Highest Common Factor of 755, 802, 575, 24 using Euclid's algorithm

Created By : Jatin Gogia

Reviewed By : Rajasekhar Valipishetty

Last Updated : Apr 06, 2023


HCF Calculator using the Euclid Division Algorithm helps you to find the Highest common factor (HCF) easily for 755, 802, 575, 24 i.e. 1 the largest integer that leaves a remainder zero for all numbers.

HCF of 755, 802, 575, 24 is 1 the largest number which exactly divides all the numbers i.e. where the remainder is zero. Let us get into the working of this example.

Consider we have numbers 755, 802, 575, 24 and we need to find the HCF of these numbers. To do so, we need to choose the largest integer first and then as per Euclid's Division Lemma a = bq + r where 0 ≤ r ≤ b

Highest common factor (HCF) of 755, 802, 575, 24 is 1.

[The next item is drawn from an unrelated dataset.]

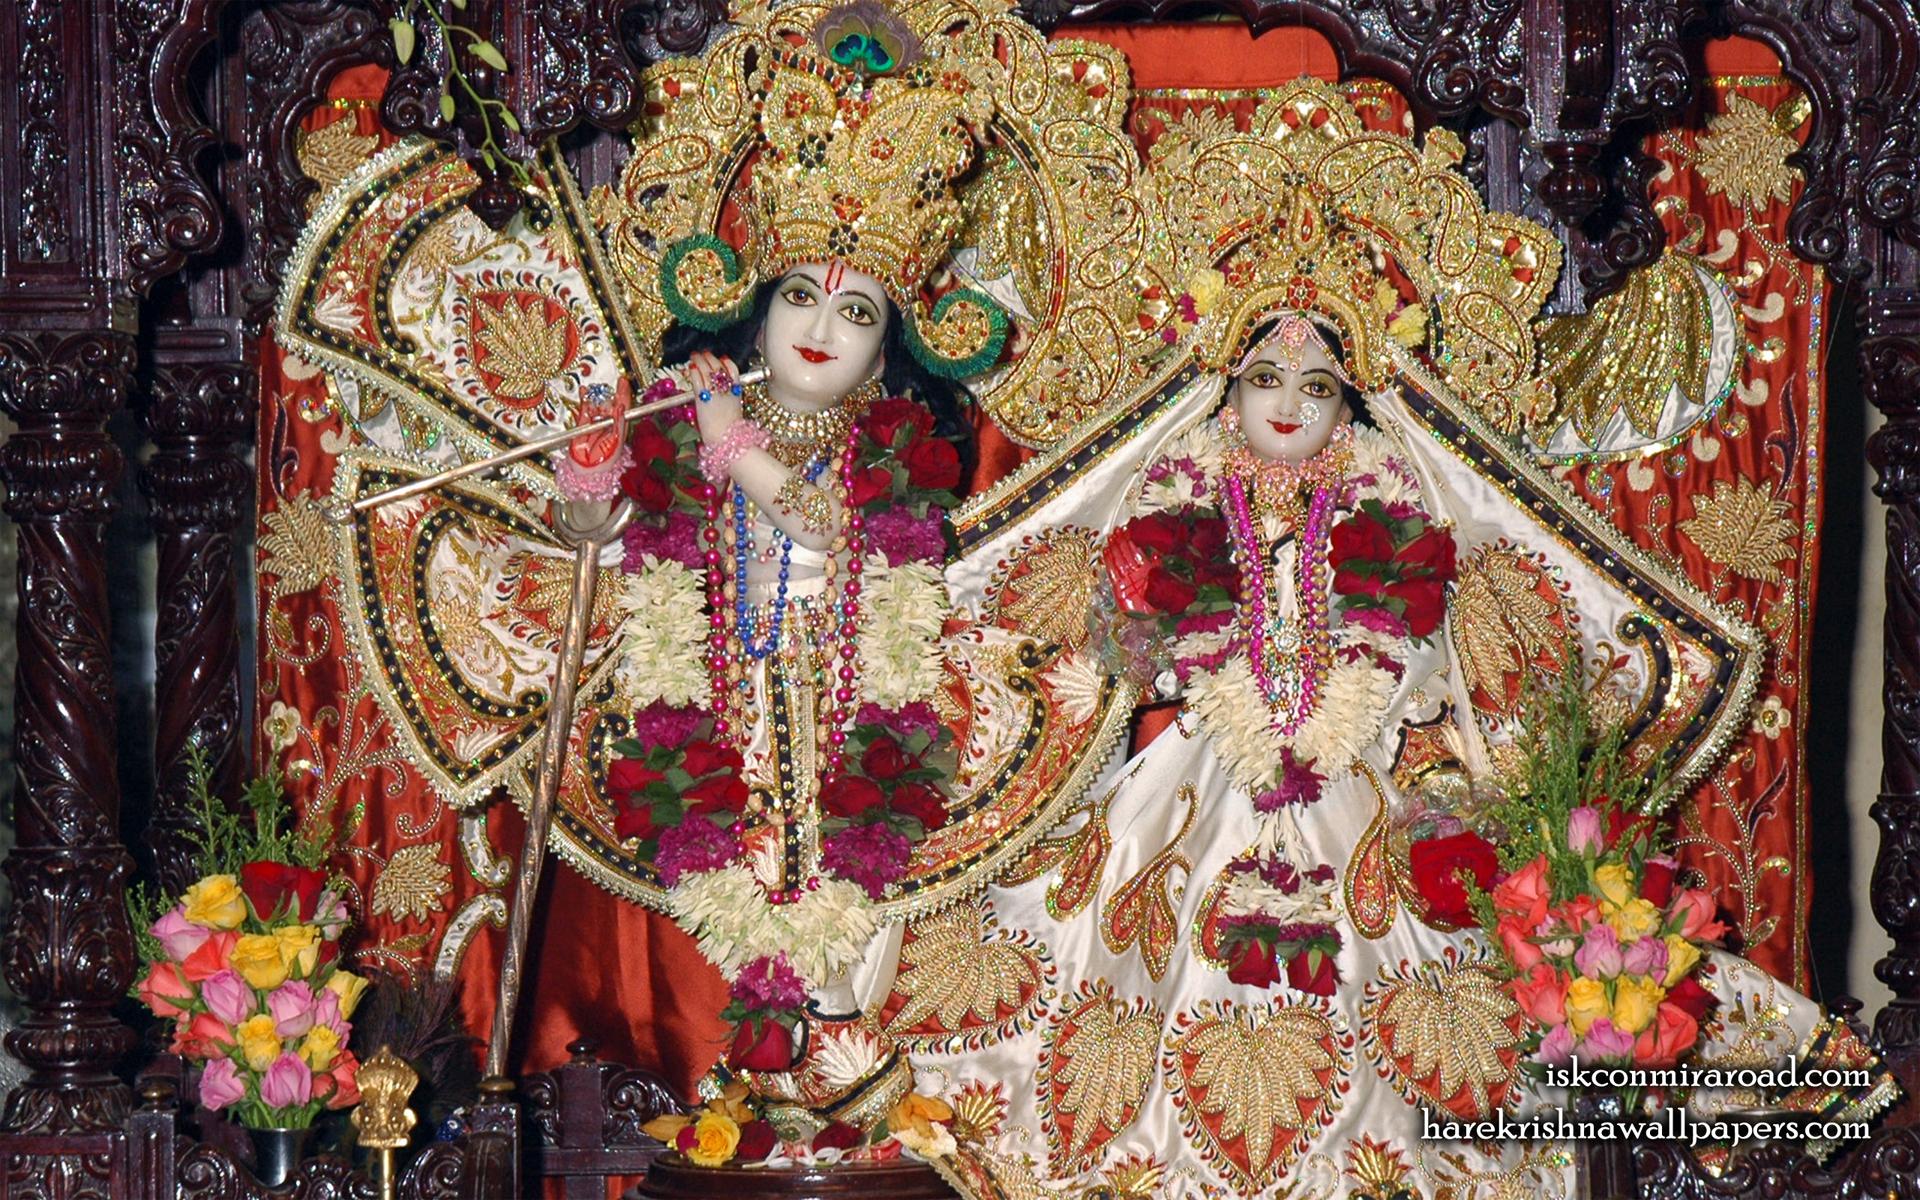 Sri Sri Radha Giridhari Wallpaper (015) Size 1920x1200 Download

HCF(755, 802, 575, 24) = 1

HCF of 755, 802, 575, 24 using Euclid's algorithm

Highest common factor or Highest common divisor (hcd) can be calculated by Euclid's algotithm.

HCF of:

Highest common factor (HCF) of 755, 802, 575, 24 is 1.

Highest Common Factor of 755,802,575,24 using Euclid's algorithm

Highest Common Factor of 755,802,575,24 is 1

Step 1: Since 802 > 755, we apply the division lemma to 802 and 755, to get

802 = 755 x 1 + 47

Step 2: Since the reminder 755 ≠ 0, we apply division lemma to 47 and 755, to get

755 = 47 x 16 + 3

Step 3: We consider the new divisor 47 and the new remainder 3, and apply the division lemma to get

47 = 3 x 15 + 2

We consider the new divisor 3 and the new remainder 2,and apply the division lemma to get

3 = 2 x 1 + 1

We consider the new divisor 2 and the new remainder 1,and apply the division lemma to get

2 = 1 x 2 + 0

The remainder has now become zero, so our procedure stops. Since the divisor at this stage is 1, the HCF of 755 and 802 is 1

Notice that 1 = HCF(2,1) = HCF(3,2) = HCF(47,3) = HCF(755,47) = HCF(802,755) .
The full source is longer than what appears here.